◆ ACTIVITY: Down to the last line, set down the material below exactly, excluding pictures.

◆ DATA BELOW:
============
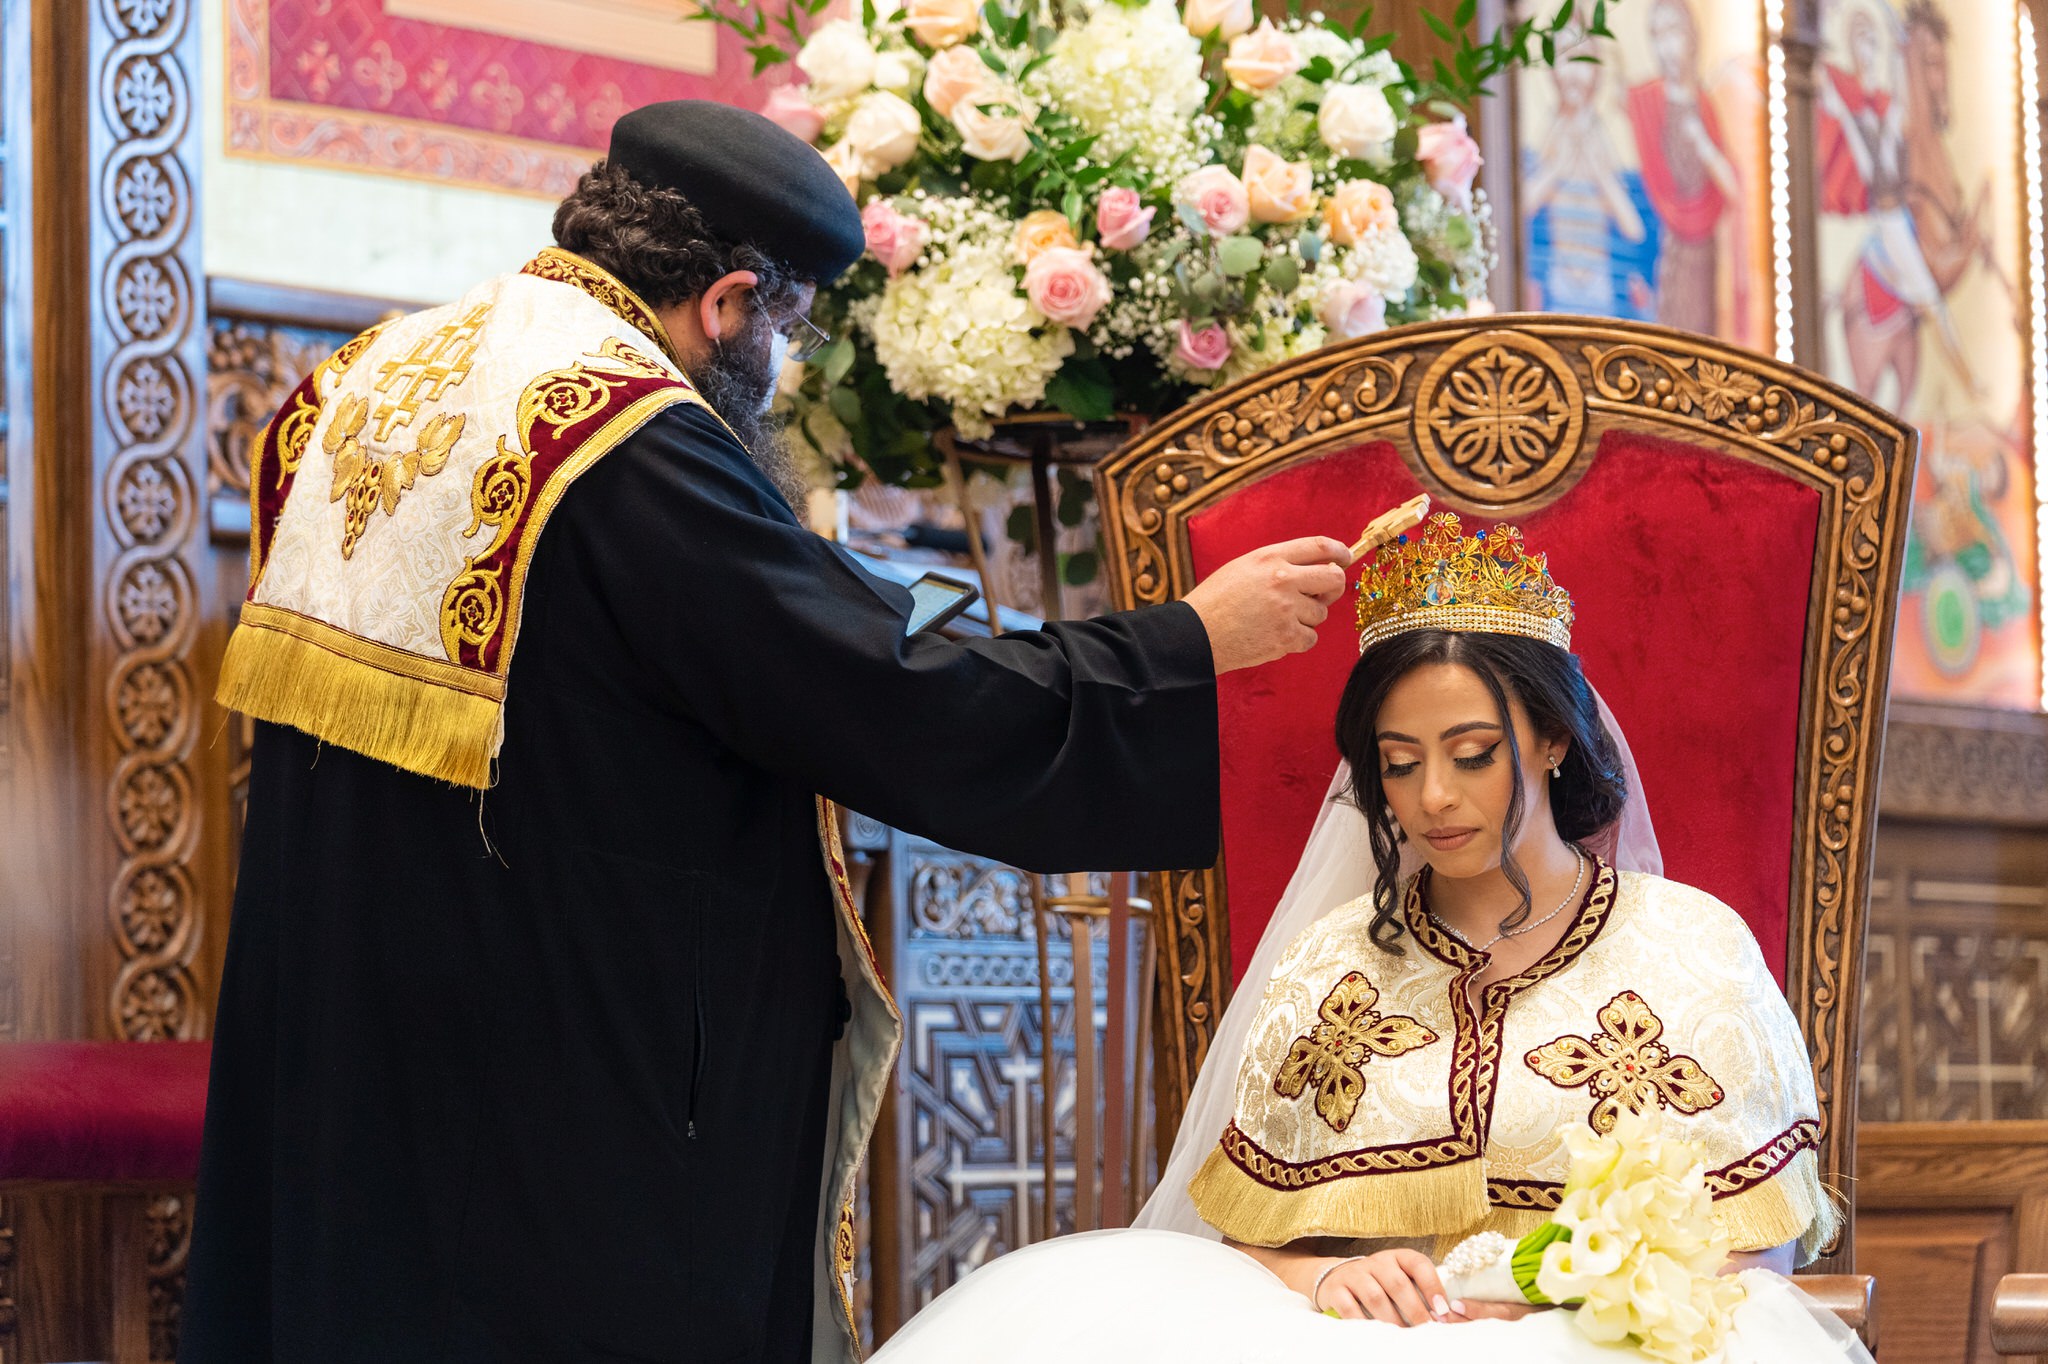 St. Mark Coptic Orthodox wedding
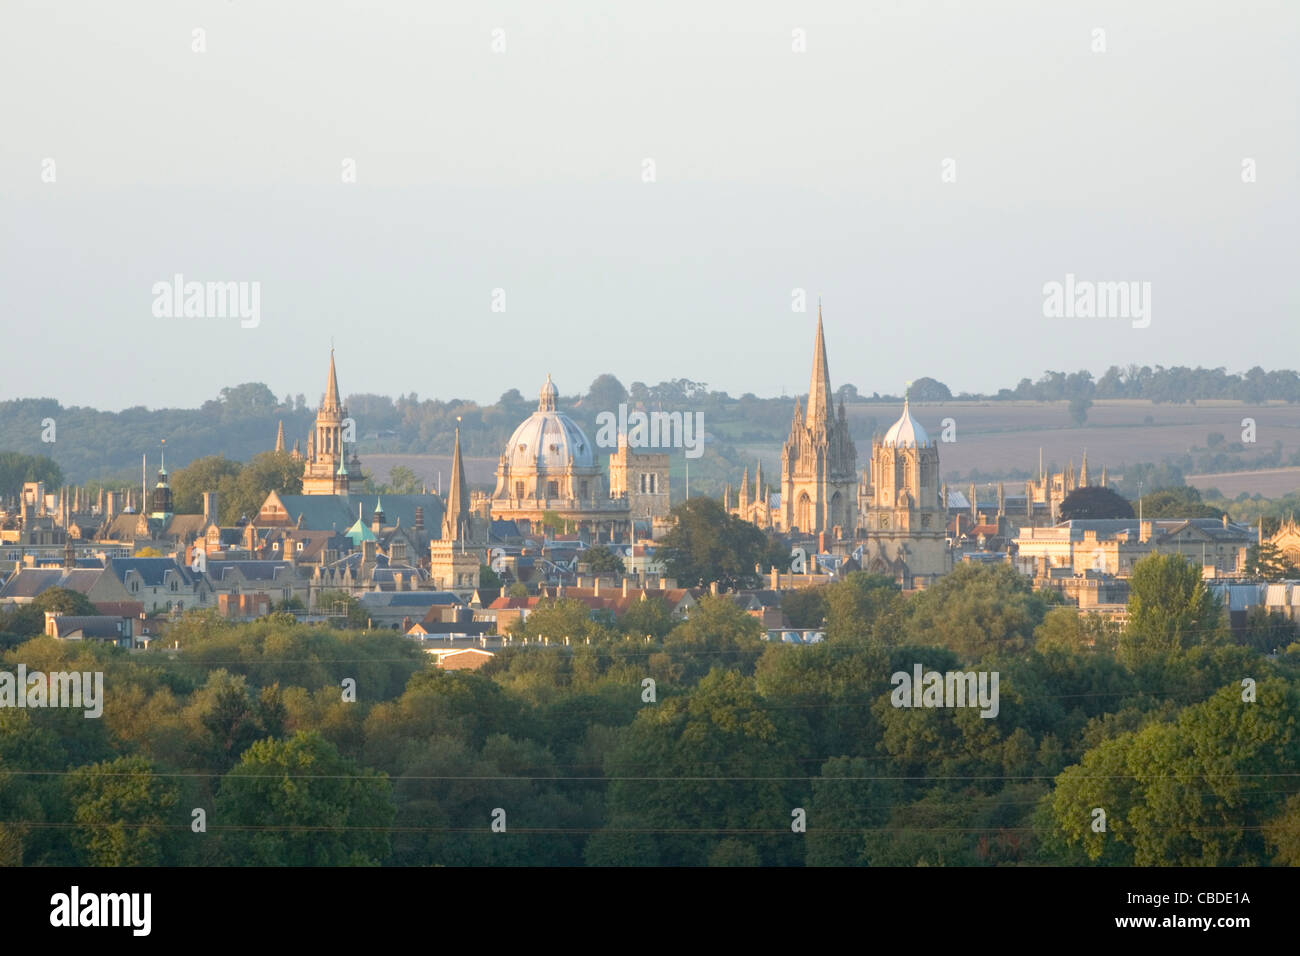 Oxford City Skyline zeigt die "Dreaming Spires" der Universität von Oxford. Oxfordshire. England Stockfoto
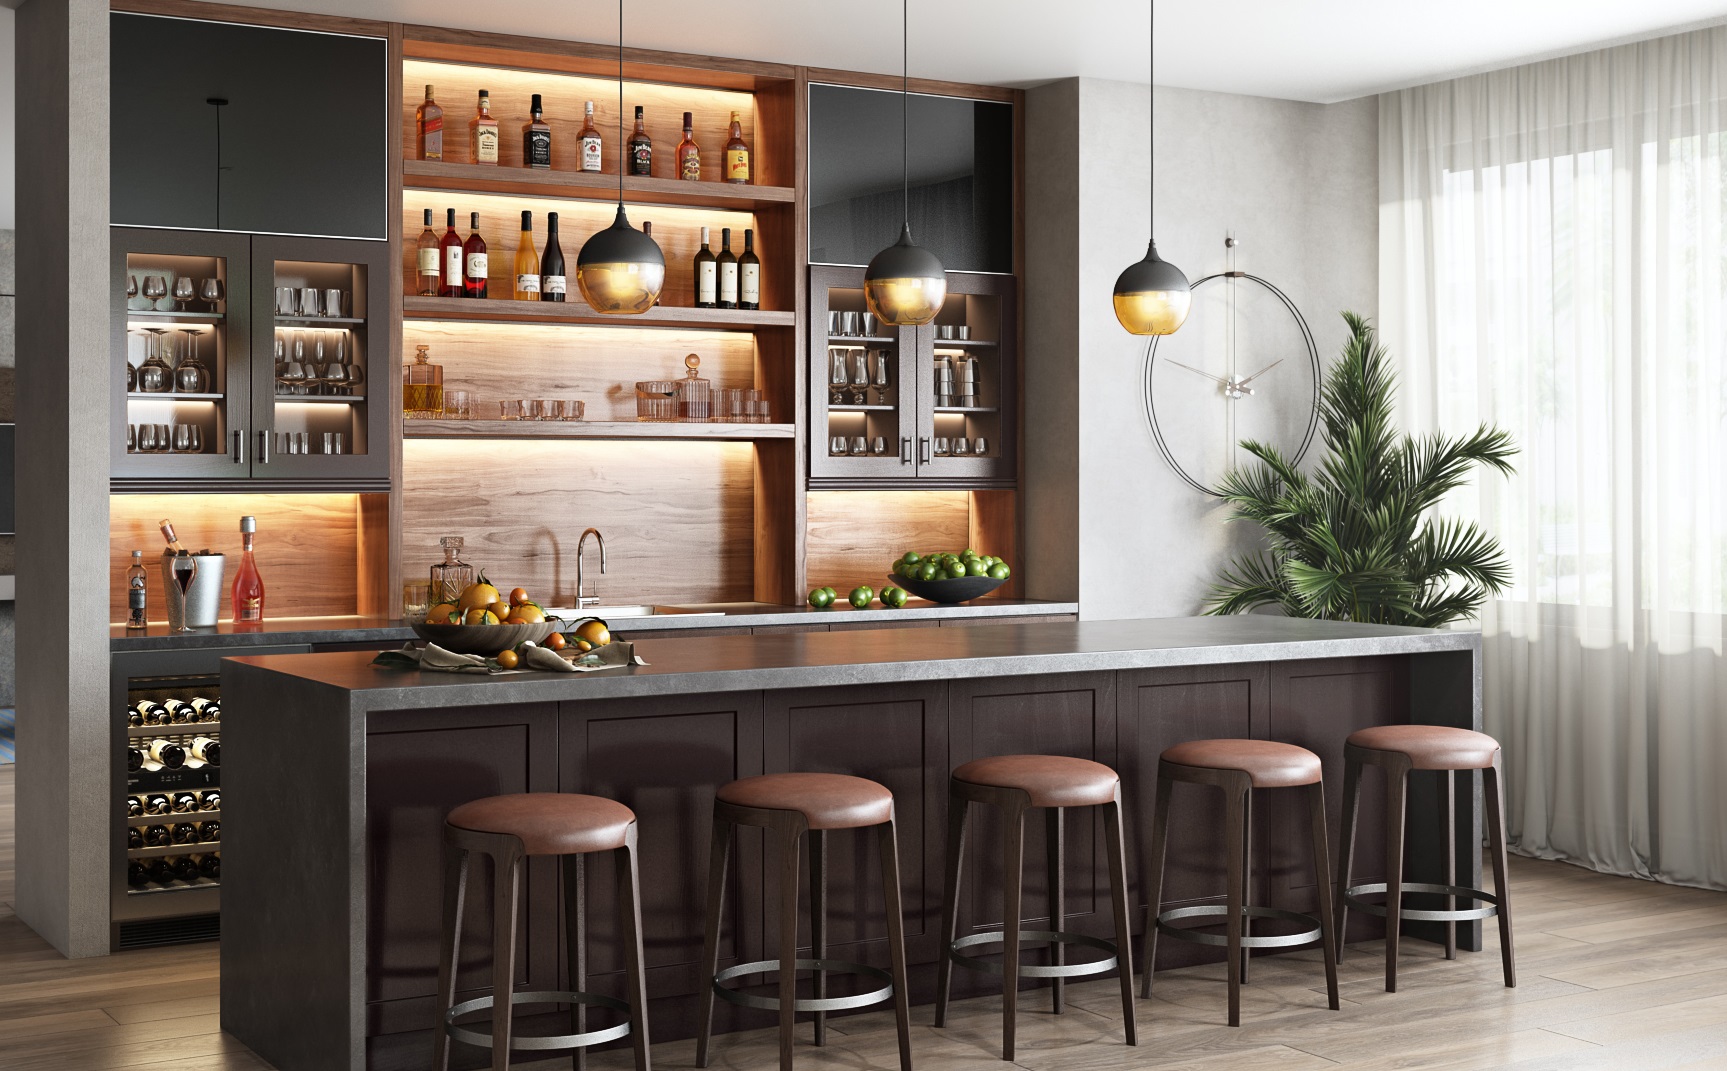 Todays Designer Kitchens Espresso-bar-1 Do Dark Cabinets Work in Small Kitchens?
============
◆ EXERCISE RESULT:
 St. Mark Coptic Orthodox wedding
 Oxford City Skyline zeigt die "Dreaming Spires" der Universität von Oxford. Oxfordshire. England Stockfoto
 Todays Designer Kitchens Espresso-bar-1 Do Dark Cabinets Work in Small Kitchens?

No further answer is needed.